Ma si potrebbe obiettare: il samaritano ha soccorso uno sconosciuto, aggredito e ferito, caduto sul ciglio della strada. Padre Totleben spiega in modo chiarissimo che l’amore per il prossimo deriva dall’amore per Dio; ogni persona è un riflesso della bontà di Dio e in quanto tale dobbiamo volerle bene e farle del bene. Questo è il vero senso della parabola del buon samaritano: Tuttavia, dice padre Totleben, è impossibile amare bene tutti se non si segue un certo ordine; l’ordo amoris appunto.

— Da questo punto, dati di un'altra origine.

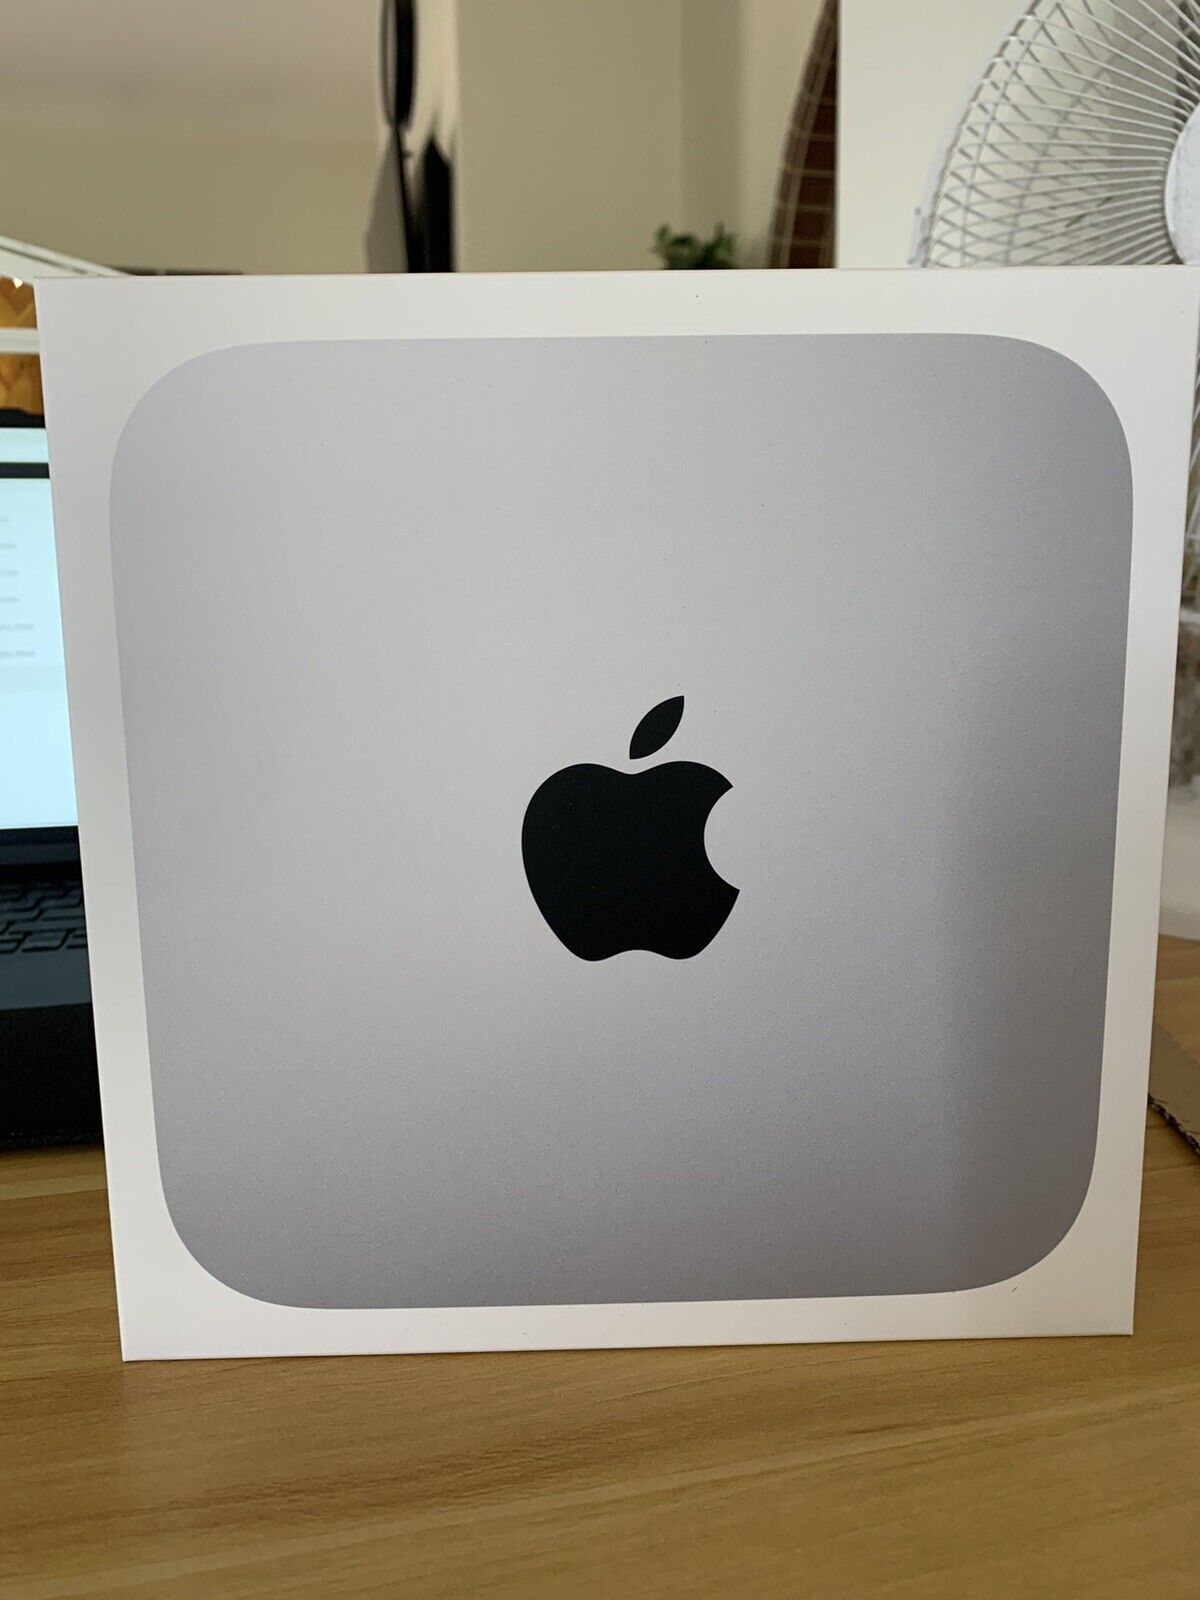 Brand new, Sealed 512GB SSD Apple Mac Mini PC (Silver)
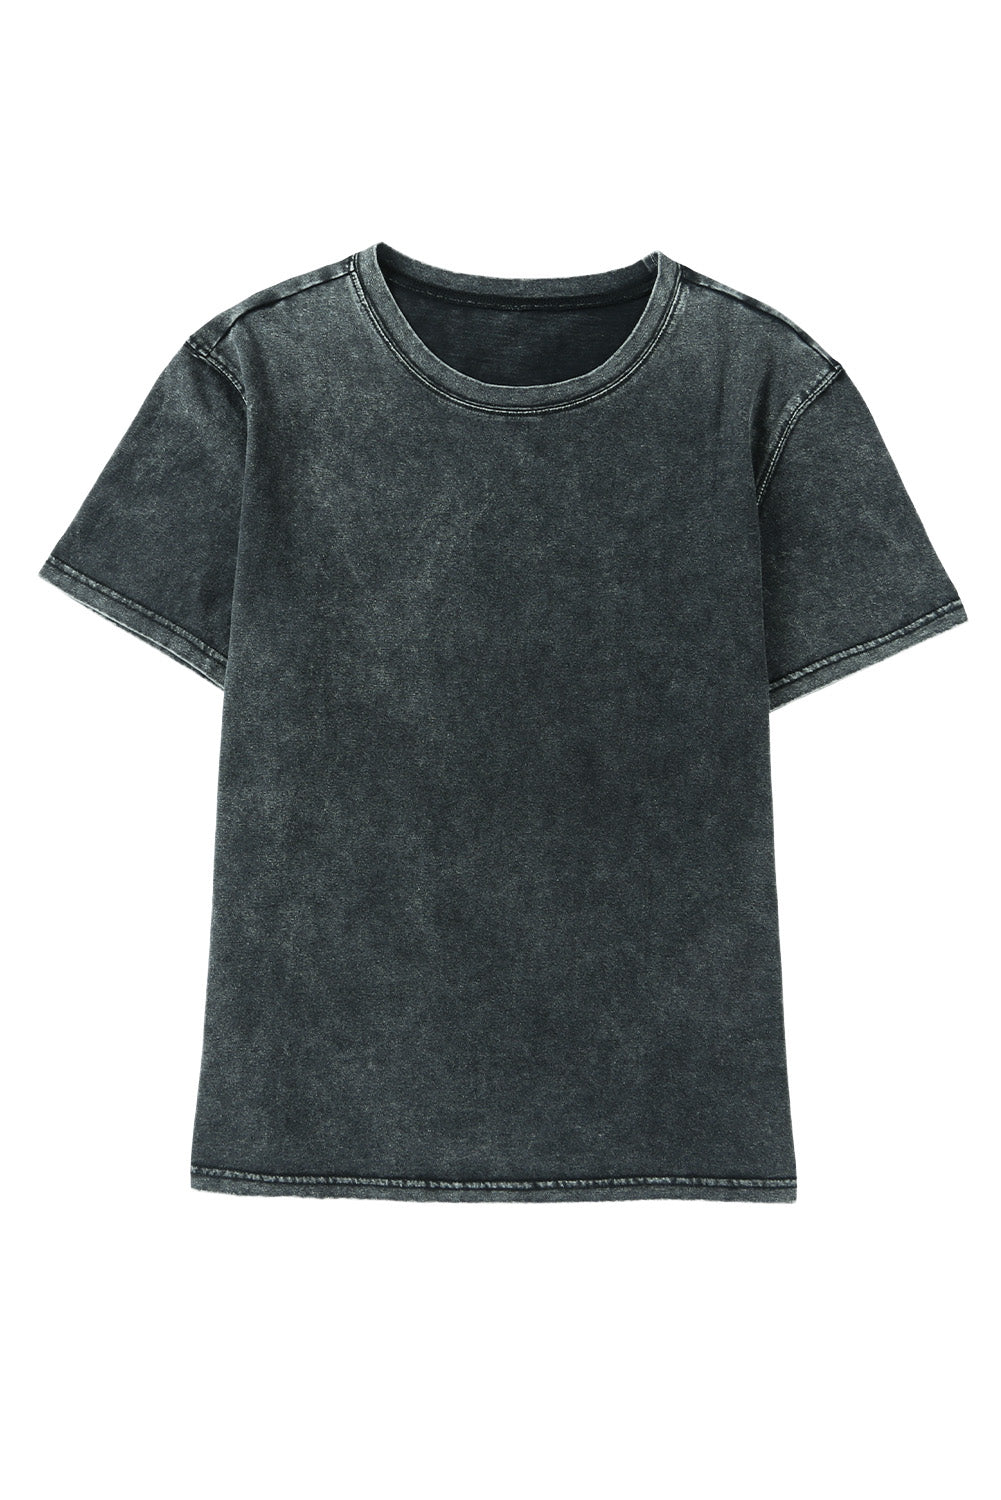 T-shirt décontracté à manches courtes noir délavé minéral

E ciò è indipendente dalla prudenza del presente governo americano o da qualsiasi altra associazione, ente o persona nell’applicarlo alla realtà concreta.
Padre Totleben approfondisce quali sono le ragioni che hanno portato alcuni a giudicare le poche parole del vicepresidente Vance contraddittorie con l’insegnamento evangelico; e questo punto è interessantissimo.
Padre Totleben spiega che esiste «un impulso egualitario di amare tutte le persone allo stesso modo, una tentazione di sostituire l’amore per le persone reali con la filantropia per l’umanità. Se amo tutti allo stesso modo, non amo nessuno in particolare. Una astrazione che è una tentazione tipicamente moderna».
L’ordo amoris stabilisce invece che l’amore si manifesta in relazioni interpersonali gerarchizzate, le quali ci insegnano che la carità comincia in casa e poi in circoli concentrici raggiunge tutte le altre persone.
Conclude il teologo domenicano: «E’ la moderna affinità per l’egualitarismo che solleva sospetti sull’ordo amoris. Noi moderni pensiamo che l’equità implichi l’egualitarismo, che deve quindi caratterizzare l’azione divina. Da qui il presupposto che l’ordo amoris debba essere incompatibile con l’insegnamento di Gesù; ma tradizionalmente il cristianesimo non ha condiviso questo presupposto; piuttosto il contrario: la gerarchia caratterizza l’azione divina, perché la gerarchia indica l’ordine e l’ordine è il segno del saggio».